Perceptual disturbances. Perception does not always give an absolutely correct idea of ​​the world around us. Sometimes in a state of mental overwork, a person has a reduced susceptibility to external stimuli - hypoesthesia. Everything around becomes dim, fuzzy, faded, shapeless, uninteresting, frozen. With a sharp physical or emotional overwork, there is an increase in susceptibility to completely ordinary stimuli - hypertension. Daylight is suddenly blinding, sounds are deafening, smells are irritating, even the touch of clothes on the body seems rough and unpleasant.

Misperception of real objects is called illusions(from lat. illusio - deceptive). Illusions can be affective, verbal, and transient. affective illusions are caused by a depressed state, bad mood, anxiety, fear - even clothes hanging on a hanger can seem like a robber, a random passerby - a rapist, a murderer. Verbal Illusions lie in a false perception of the content of real conversations of other people. It seems to a person that everyone is condemning him, hinting at some unseemly deeds, mocking him, threatening him. Pereidolic illusions are caused by a decrease in the tone of mental activity, passivity.
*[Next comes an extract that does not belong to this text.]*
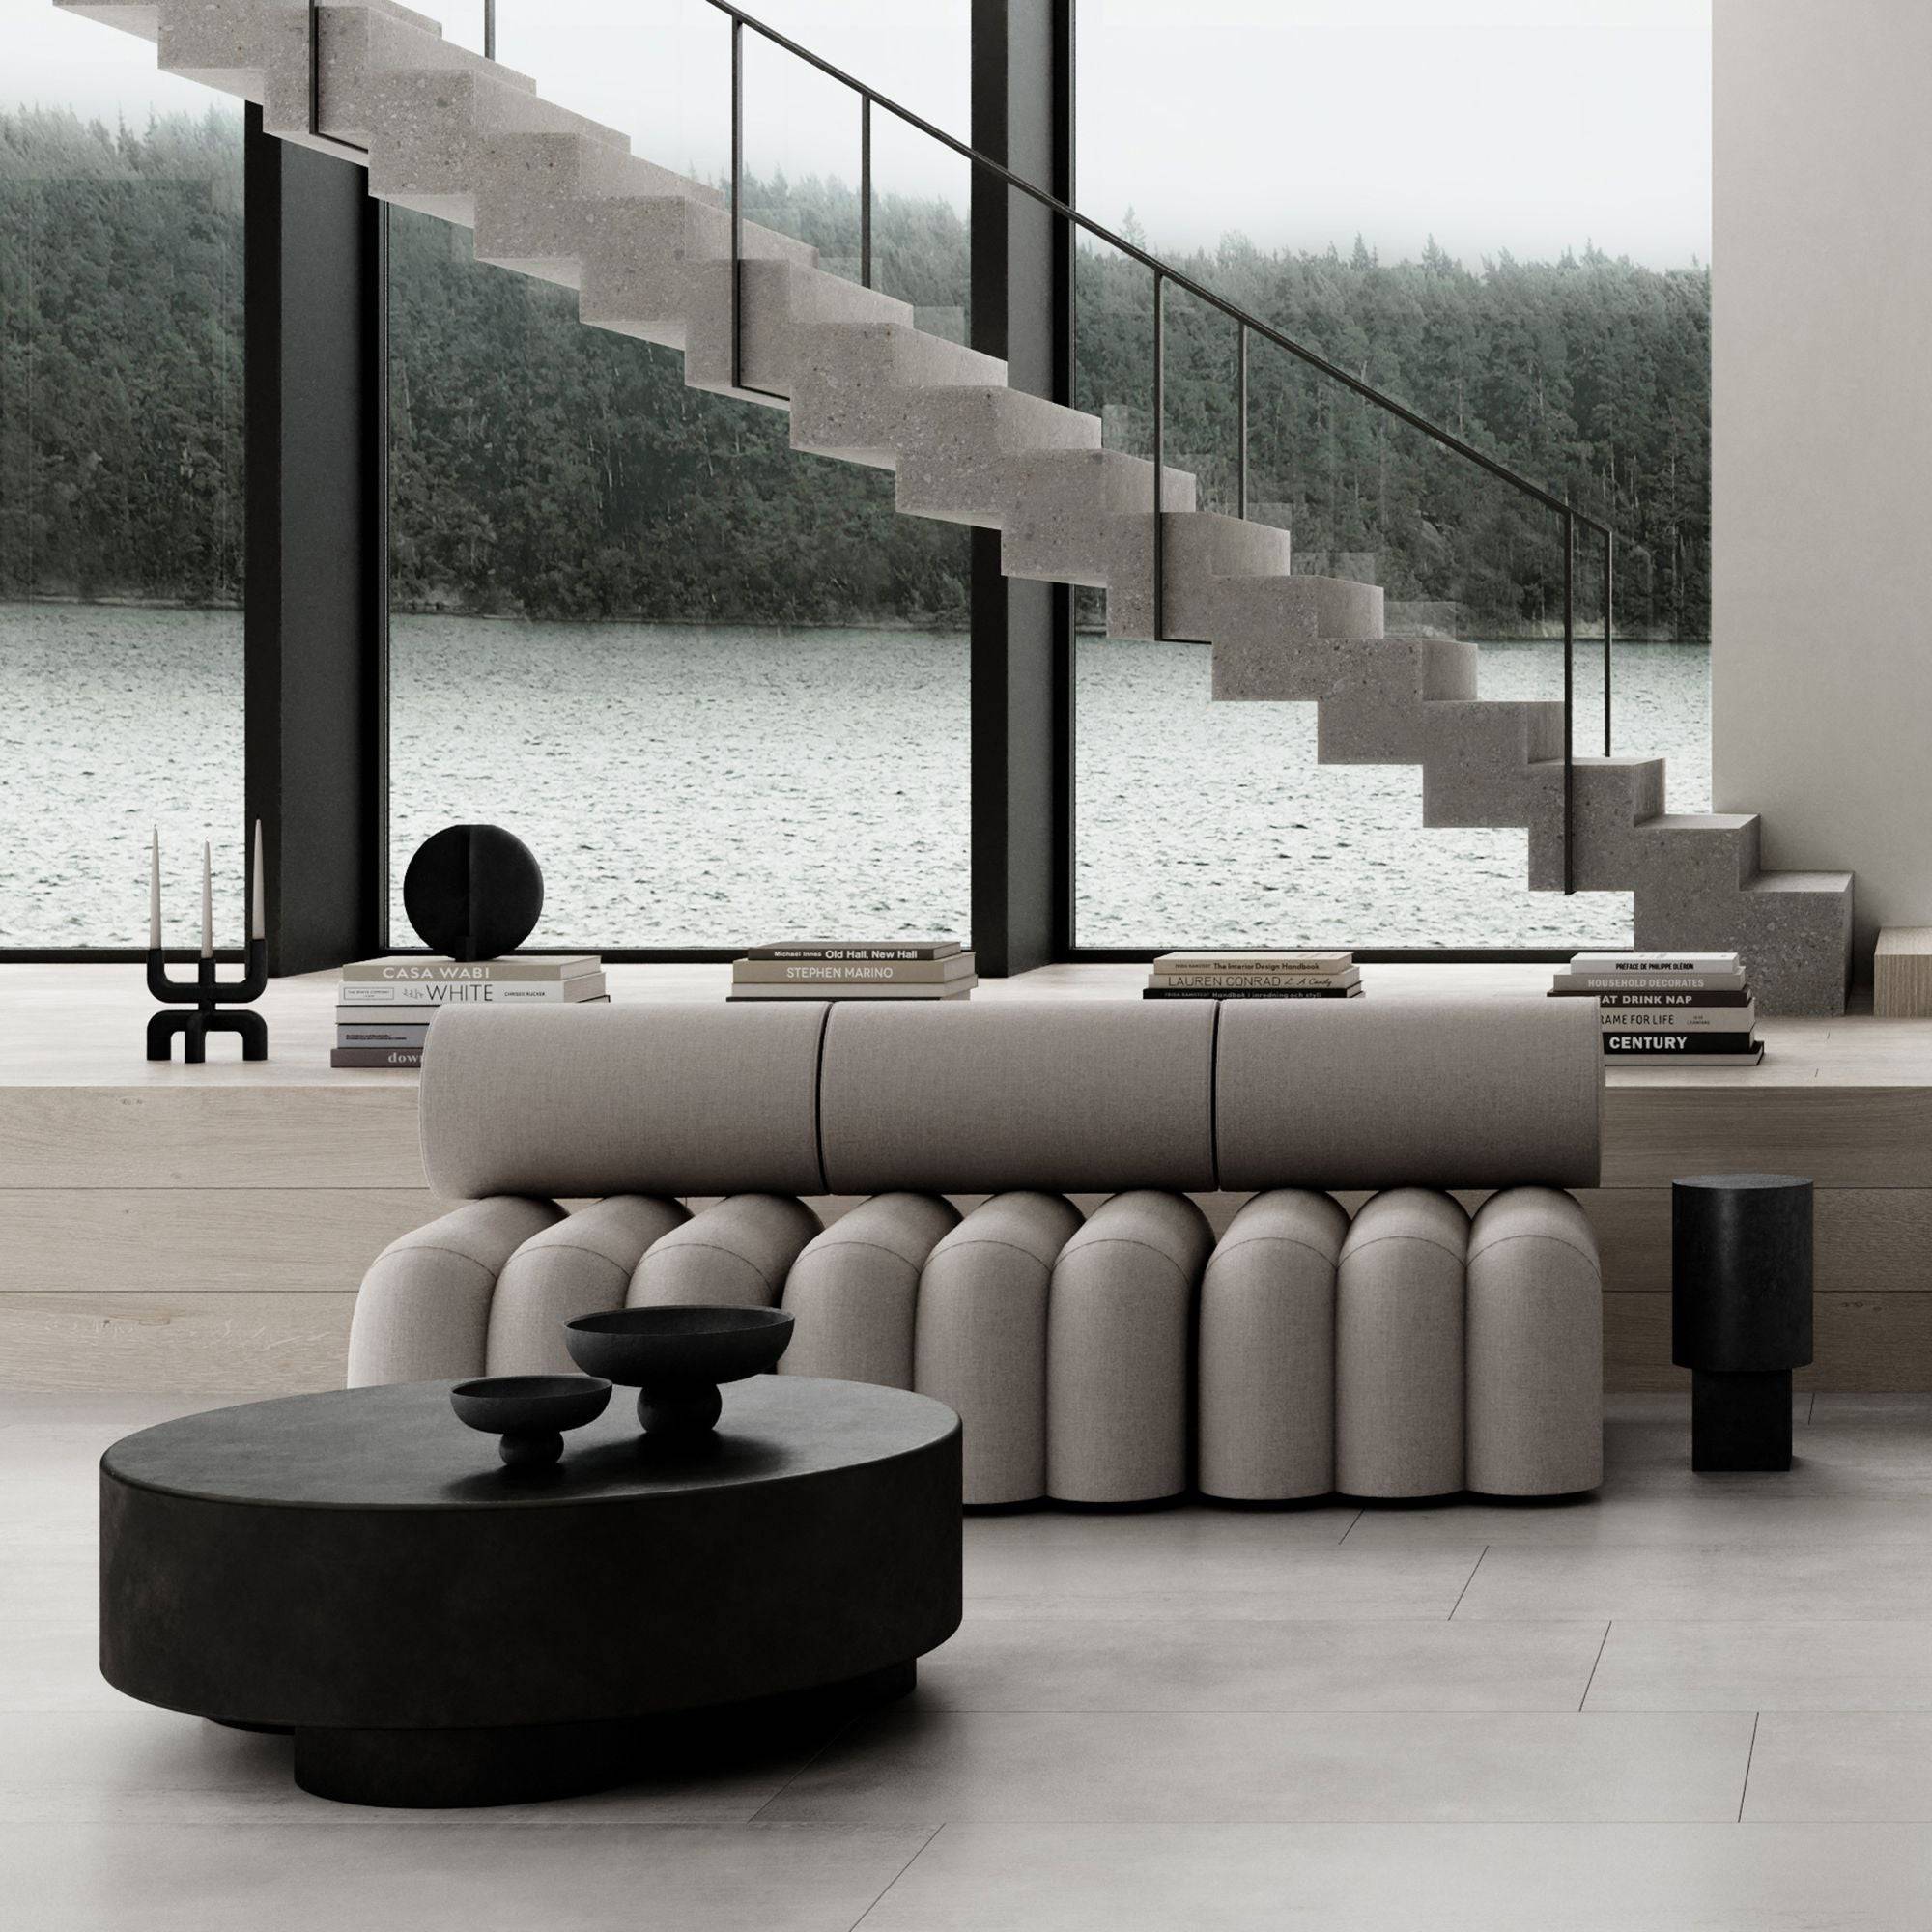 Foku Lounge Chair - Taupe Palazzo - THAT COOL LIVING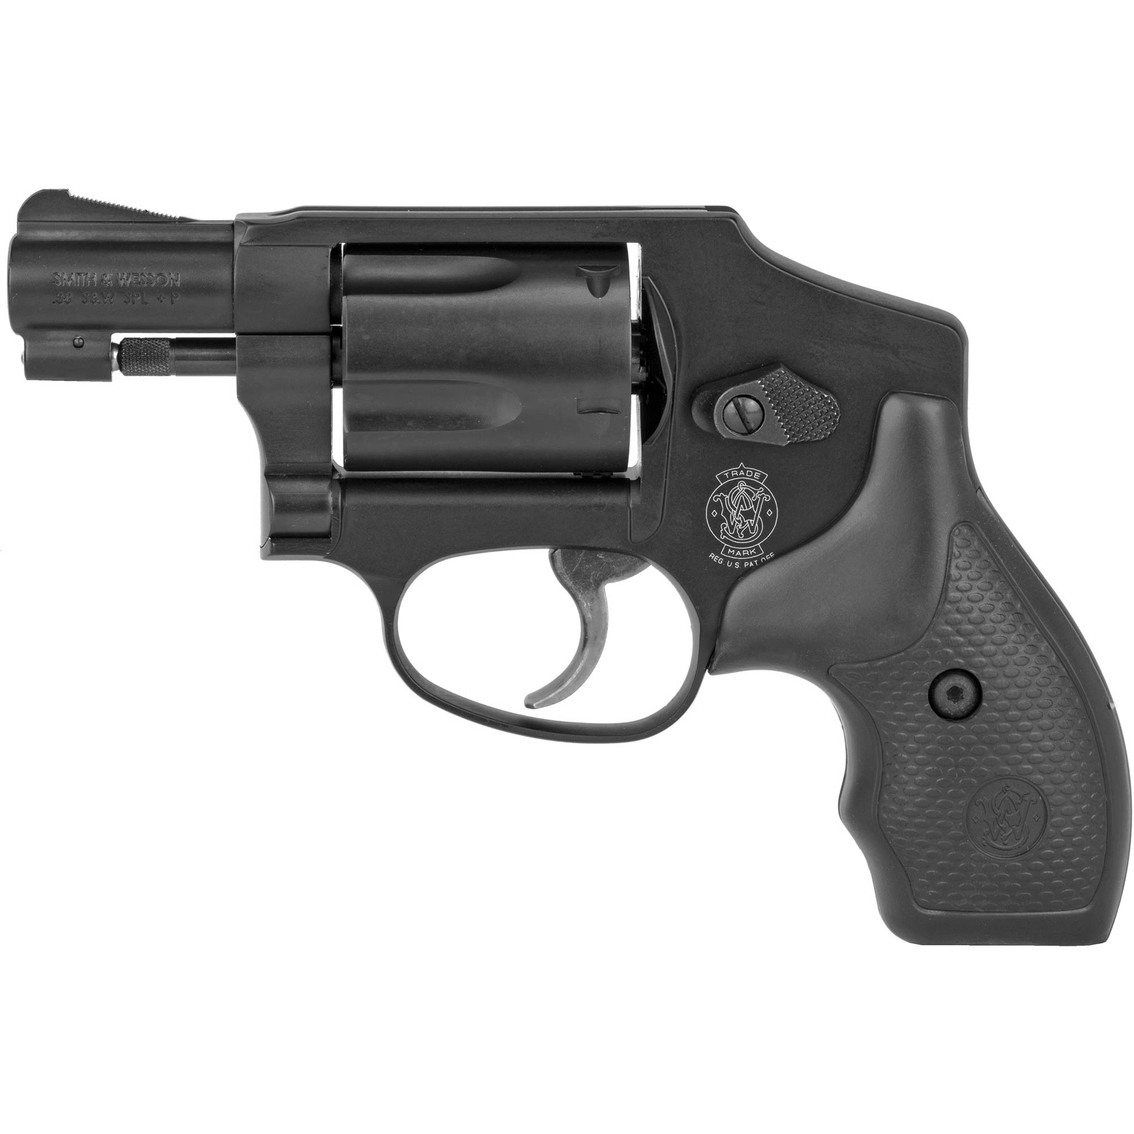 S&W 442 38 Special 1.875 in. Barrel 5 Rds Revolver Black - Image 2 of 3

Ordinary patterns on the wallpaper, cracks on the ceiling, on the floor, various chiaroscuro are perceived as bright pictures, fairy-tale characters, fantastic images, extraordinary panoramas.

Illusions should be distinguished from hallucinations - psychopathological manifestations of perception and memory. Hallucination - it is an image (visual, auditory, olfactory, tactile, gustatory) that arises in the mind regardless of external stimuli and has the meaning of objective reality for a person. Hallucinations are a consequence of the fact that perception is saturated not with external impressions, but with internal images. A person who is in the grip of hallucinations experiences them as truly perceived - he really sees, hears, smells, and does not represent all this. For him, subjective sensory sensations are just as real as those coming from the objective world.

4.4. Memory

The concept of memory. Everything that a person once perceived does not disappear without a trace - traces of the process of excitation remain in the cerebral cortex of the brain, which create the possibility of re-emergence of excitation in the absence of the stimulus that caused it. Thanks to this, a person can remember and save, and subsequently reproduce the image of a missing object or reproduce previously learned knowledge. Like perception, memory is a process of reflection, but in this case it reflects not only that which acts directly, but also that which took place in the past.

Memory this is a special form of reflection, one of the main mental processes aimed at fixing mental phenomena in a physiological code, preserving them in this form and reproducing them in the form of subjective representations.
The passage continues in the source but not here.